Елена Игнатова - Загадки Петербурга II. Город трех революций
Успеху пятилетки было подчинено все, одним из средств пополнения государственных фондов стало открытие в 1930 году магазинов Торгсина[92], в которых за валюту и драгоценный металл можно было купить товары и продукты. Все было подготовлено для торжества социализма, и оно настало: жизнь страны разом отбросило в прошлое десятилетней давности. Многое напомнило о военном коммунизме: опустели магазины, аптеки, из продажи исчезло все самое необходимое.
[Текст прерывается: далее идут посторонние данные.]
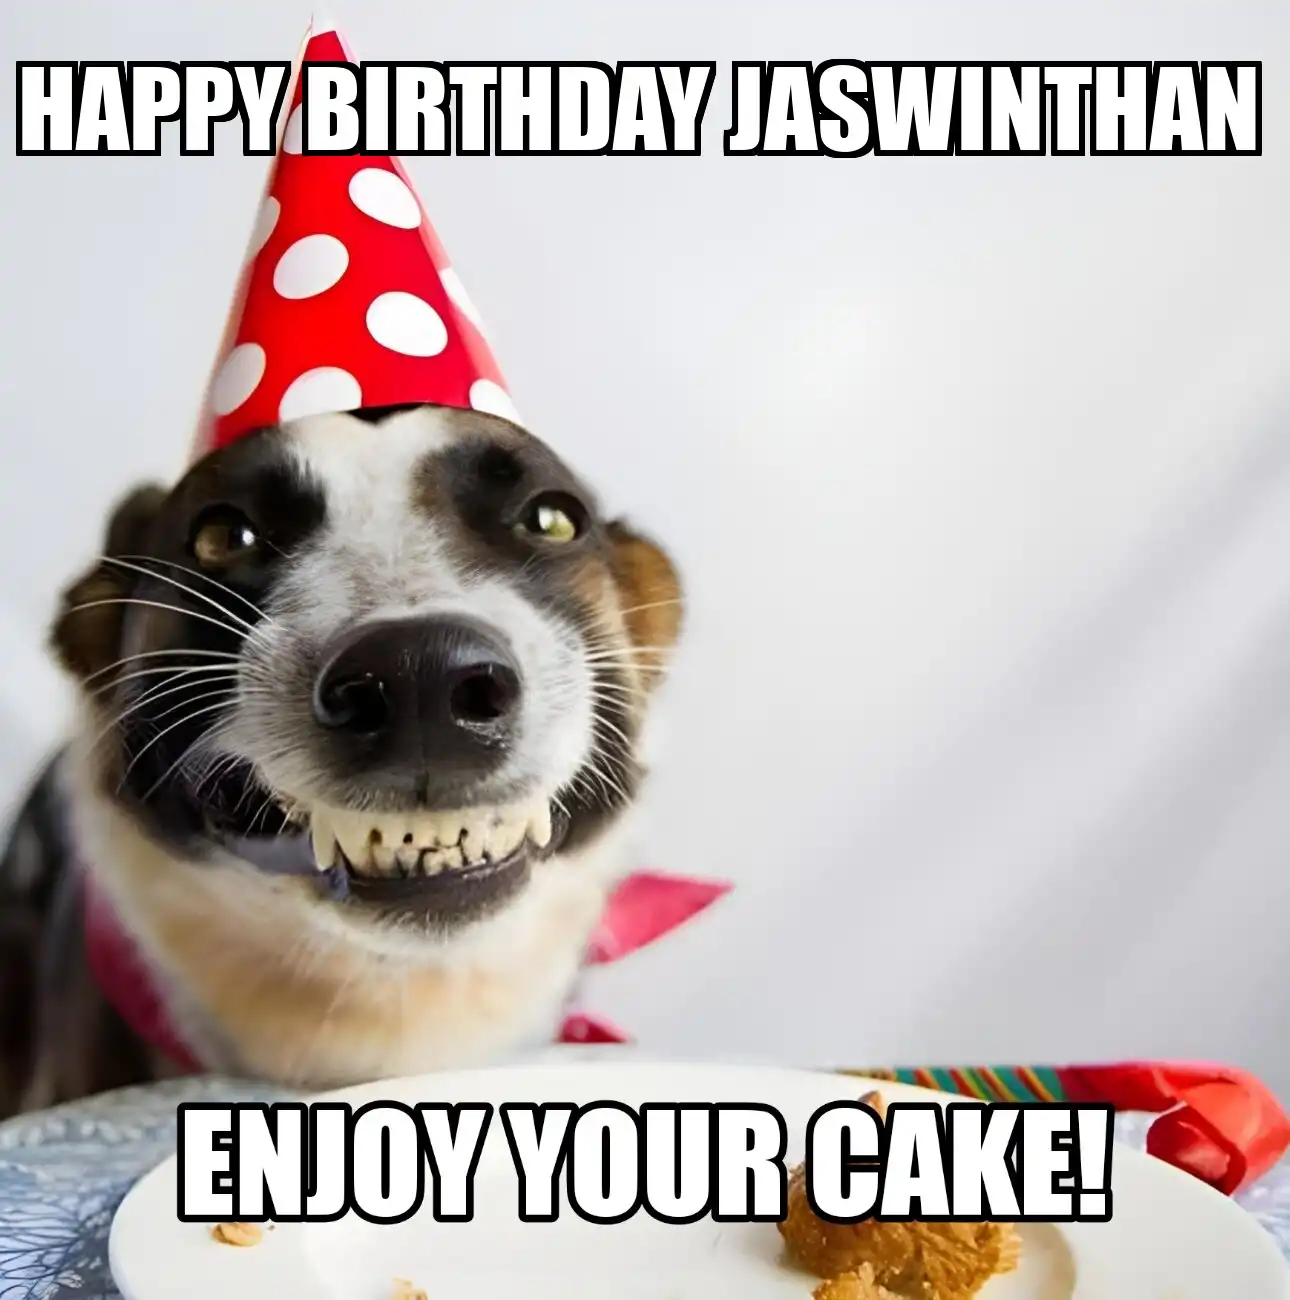 Happy Birthday Jaswinthan Enjoy Your Cake Dog Meme

Возродилась уличная торговля, убогая даже в сравнении с послереволюционной, теперь люди торговали продуктовыми «излишками», которые умещались в ладони продавцов, — четвертушка хлеба, стакан муки, луковица, несколько картофелин. «Мешочниц» прежних времен не было в помине, а может, они и были, но уже среди нищих крестьян, побиравшихся на улицах Ленинграда.
И все же начало 30-х годов отличалось от военного коммунизма, потому что на этот раз нищете сопутствовал миф о процветании и благоденствии. Примером должна была служить жизнь партийной элиты — самые достойные уже вкушали плоды социализма, которые в недалеком будущем получат все. Подражание ленинскому аскетизму, пусть даже показное, уже не соответствовало духу эпохи. Состав партийной элиты заметно менялся: в нем, по замечанию Э. Г. Герштейн, утверждался новый тип — «черненьких» 20-х годов вытесняли «серенькие»; «черненькие» были амбициозны и претендовали на полноту власти, а у «сереньких» не было «ни блеска, ни самоуверенности, и не упивались они раздувшейся властью», довольствовуясь ролью исполнителей. По этой классификации Зиновьев был ярким представителем «черненьких», а сменивший его Киров — «сереньким»; пламенных демагогов 20-х годов заместили лекторы с чекистской выправкой, воспаленных комсомольских вожаков — спокойные молодые люди в вышитых украинских рубахах-косоворотках; «акушерки» — жены вождей — утратили былое влияние, а некоторые и мужей, которые ушли в новые семьи. Теперь женщинам из высших кругов полагалось ограничиваться интересами семьи и не помышлять о руководящих общественных ролях.
В начале 30-х годов в круг жен ленинградского начальства вошла Лиля Брик, ее муж В. М. Примаков был заместителем командующего Ленинградским военным округом. Она всегда умела выбрать верный тон. «Лиля, вылинявшая так, словно ее опустили в особый едкий раствор, не оставляющий никаких красок, поворачиваясь к нам с Митей, щебетала о новой пятикомнатной квартире, которую им с Витюшей, Витенькой, Виталием надо же обставить!» — вспоминала о ней Лидия Жукова. У этой женщины было бурное прошлое, слава возлюбленной Маяковского, сомнительная репутация[93], но главное — интуиция и редкая способность к мимикрии, к «линьке», спасавшая ее в самые опасные времена. А вот у жены Кирова Марии Львовны Маркус напрочь отсутствовала интуиция, и она выбрала самую неподходящую сферу деятельности, возглавив в 1929 году ленинградский лечебно-трудовой профилакторий для проституток. Профилакторий напоминал мастерские Веры Павловны из романа Чернышевского «Что делать?»: во время лечения женщины получали жилье, работу в швейных мастерских, медицинское обслуживание и возможность культурного досуга. М. Л. Маркус сочла это недостаточным и взялась за идейное воспитание проституток, устраивала собрания, митинги и беседы, на которых обращалась к ним с «большевистским словом». Легко представить, как их раздражала эта барыня, уезжавшая домой в шикарном автомобиле, но они слушали «большевистское слово», шили, а некоторые подрабатывали в баре на Невском, где ночами устраивались для узкого круга посвященных тайные действа под названием «Афинские ночи». Милиция накрыла это гнездо разврата, два помощника М. Л. Маркус были обвинены в устройстве «ночей» и оказались в тюрьме, а ей пришлось оставить работу, потому что слухи об этом дошли до Москвы. Воспитательные усилия окончательно расшатали здоровье М. Л. Маркус, и она с тех пор находилась то в лечебницах, то дома под присмотром родни. Вот к каким пагубным последствиям приводило нарушение правил круга, к которому принадлежала Маркус!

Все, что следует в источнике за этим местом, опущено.